Plus de 180 ans après sa parution originale, Sôlénopédie, un texte d’anticipation du Comte Dalbis qui constitue l’un des tout premiers récits de science-fiction française, n’a étonnamment rien perdu de sa pertinence.
Publié en 1838, soit vingt ans après le Frankenstein de Mary Shelley, Sôlénopédie (une dénomination tirée de deux mots grecs qui veulent dire tuyau et éducation, c’est-à-dire éducation par le moyen des tuyaux) est un bien étrange ouvrage, largement tombé dans l’oubli avec le temps. Les dérives potentielles des percées technologiques et des avancées scientifiques ont souvent nourri l’imagination des romanciers d’anticipation, et ici, c’est la phrénologie, une théorie de la « physiologie intellectuelle » voulant que les bosses du crâne des êtres humains reflètent leur caractère et fort populaire à l’époque, qui sert de point de départ au récit.
Écrit à la première personne par le Comte Dalbis, l’auteur relate s’être lié d’amitié avec un certain « T » durant ses cours de phrénologie. Cet homme, « dont le visage maigre, les joues creuses et les yeux ternes semblaient indiquer à la fois les souffrances du corps et de l’esprit, mais dont les yeux s’animaient et les joues se coloraient dès que la leçon commençait » lui emprunte 5 000 francs afin de « faire éclore une découverte qui aura pour effet de rendre les hommes plus intelligents et meilleurs ». Quelques mois plus tard, lors d’une excursion dans les Pyrénées, le Comte retrouve la trace de son curieux ami, qui s’est établi dans les ruines d’un vieux château féodal.
Sur place, un spectacle des plus singulier s’offre à lui. Tous les domestiques du château sont en effet des animaux, auxquels « T » semble avoir réussi à insuffler l’étincelle de l’intelligence grâce à ses découvertes. Le portier est un ours, un lévrier s’occupe de faire du feu dans la cheminée et les chiens, chats, loups, taureaux et vautours du domaine sont civilisés au point d’utiliser des ustensiles. Le récit bascule dans l’horreur lorsque le Comte est admis dans ses laboratoires, où des animaux attachés ont des tubes implantés dans la tête. Pire, il découvre que le scientifique s’adonne également à des expérimentations sur des enfants, stimulant certaines zones précises du cerveau pour en faire des actrices ou des mathématiciens.
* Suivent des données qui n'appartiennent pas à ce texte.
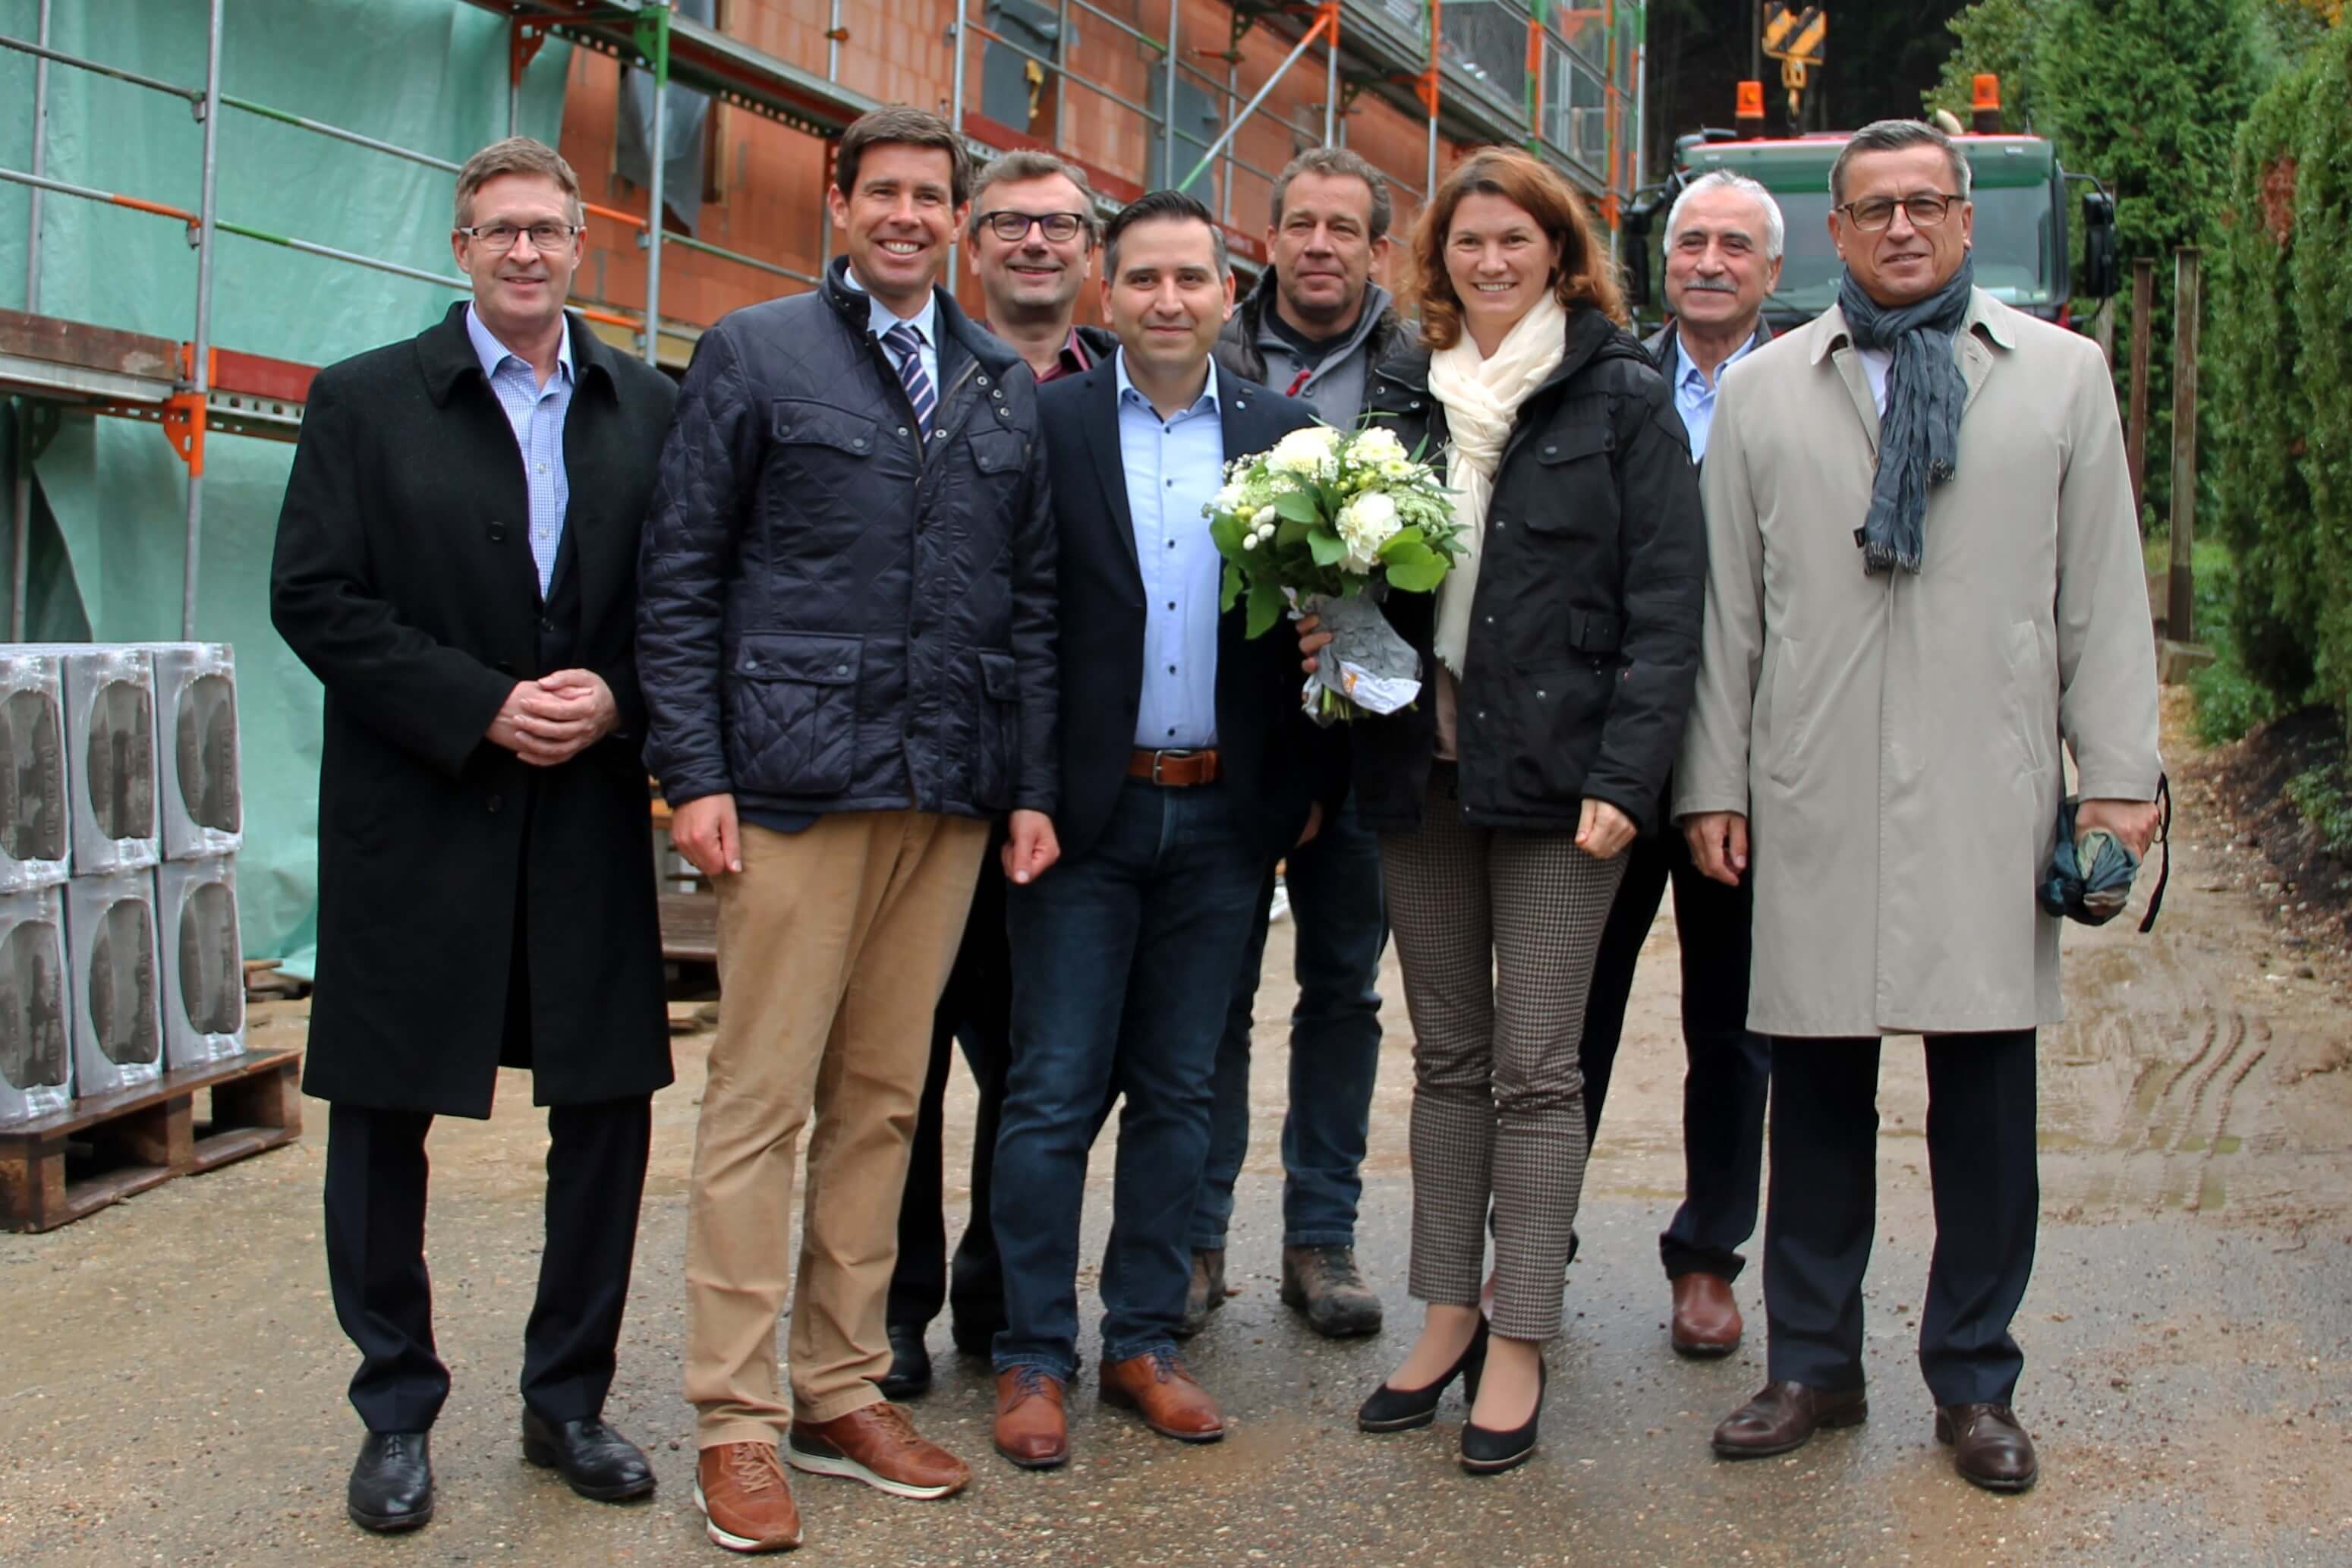 Group photo in front of the bare brickwork of B-Horizon’s new headquarters at the topping-out ceremony in Sinzing Front row: Johannes Seibert (Managing Partner at CDM Global Solutions), Patrick Grossmann (1st Mayor of Sinzing), Mohammad Kabany (Founder and CEO B-Horizon GmbH), Tanja Schweiger (District Administrator of the District Regensburg), Gerhard Heinemann (Vice President Purchasing and SQA at CATL Europa) Back row: Dr. Martin Kammerer (Managing Director of IHK-Gremium Regensburg), Armin Zeiler (Builder), M. Taleb Kabbani (Consultant of B-Horizon GmbH)
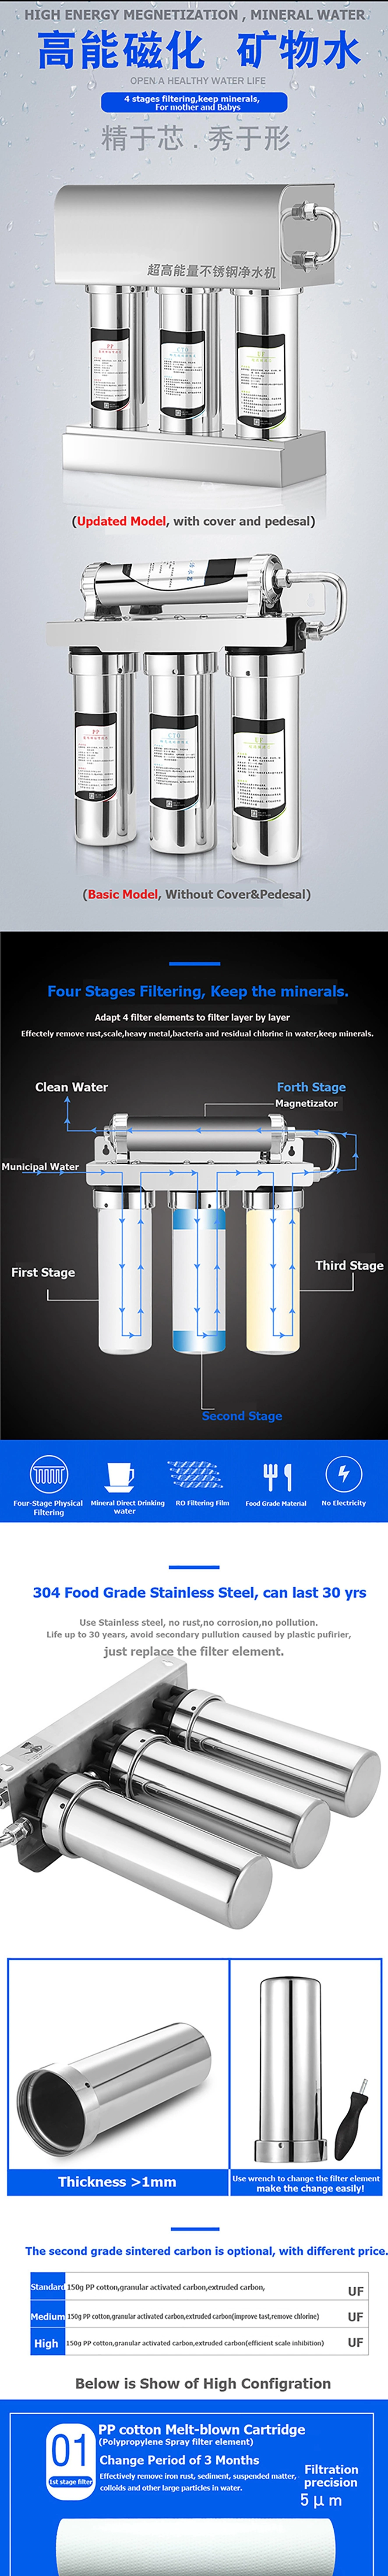 Incomparable Water Treatment System Household Table Water Purifier Filter Plant

Sorte de huis clos s’articulant autour d’un long dialogue entre les deux hommes, Sôlénopédie est rédigé dans un style à la fois gothique et direct, et ne trahit pas son âge par un langage ancien. Cette fable sur le fanatisme de la science se révèle comme un précurseur à L’île du docteur Moreau, publié en 1896 par H.G. Wells. Dans le plus pur esprit du canular littéraire, l’auteur présente son histoire de fiction comme un vrai témoignage, et intègre des références au professeur Johann Gaspar Spurzheim, l’un des véritables théoriciens de cette pseudoscience. Il a même fait publier le texte auprès d’une maison d’édition spécialisée dans les ouvrages médicaux (la Librairie médicale de Labé) pour en augmenter la crédibilité.
Ce court récit est suivi de L’éducation future, une postface fort éclairante d’une trentaine de pages où l’auteur Marc Renneville explique non seulement les bases de la phrénologie, mais également l’engouement suscité à l’époque par cette théorie scientifique qui sera rapidement discréditée. En plus de replacer cette anticipation dans le contexte historique de 1838, il dévoile l’identité de la personne se cachant derrière le pseudonyme du Comte Dalbis (l’industriel Aristide Barbier), et tente de cerner les motivations de l’auteur, qui aurait rédigé cette nouvelle suite à un pari. Il trace également des parallèles entre ce texte et le Découvertes dans la Lune de Sir John Hershel, un autre canular littéraire datant de 1835.
Aujourd’hui encore, le cerveau est loin d’avoir livré tous ses secrets, et alors que les manipulations génétiques et la neurochirurgie continuent d’utiliser la science pour modifier l’esprit des hommes, ce « conte éthique » s’avère criant d’actualité. On ne peut que remercier les éditions Jérôme Millon d’avoir réédité ce trésor caché, que les amateurs de science-fiction risquent fort d’apprécier.
Solênopoédie – Révélation d’un nouveau système d’éducation phrénologique pour l’homme et les animaux, du Comte Dalbis. Publié aux éditions Jérôme Millon, 126 pages.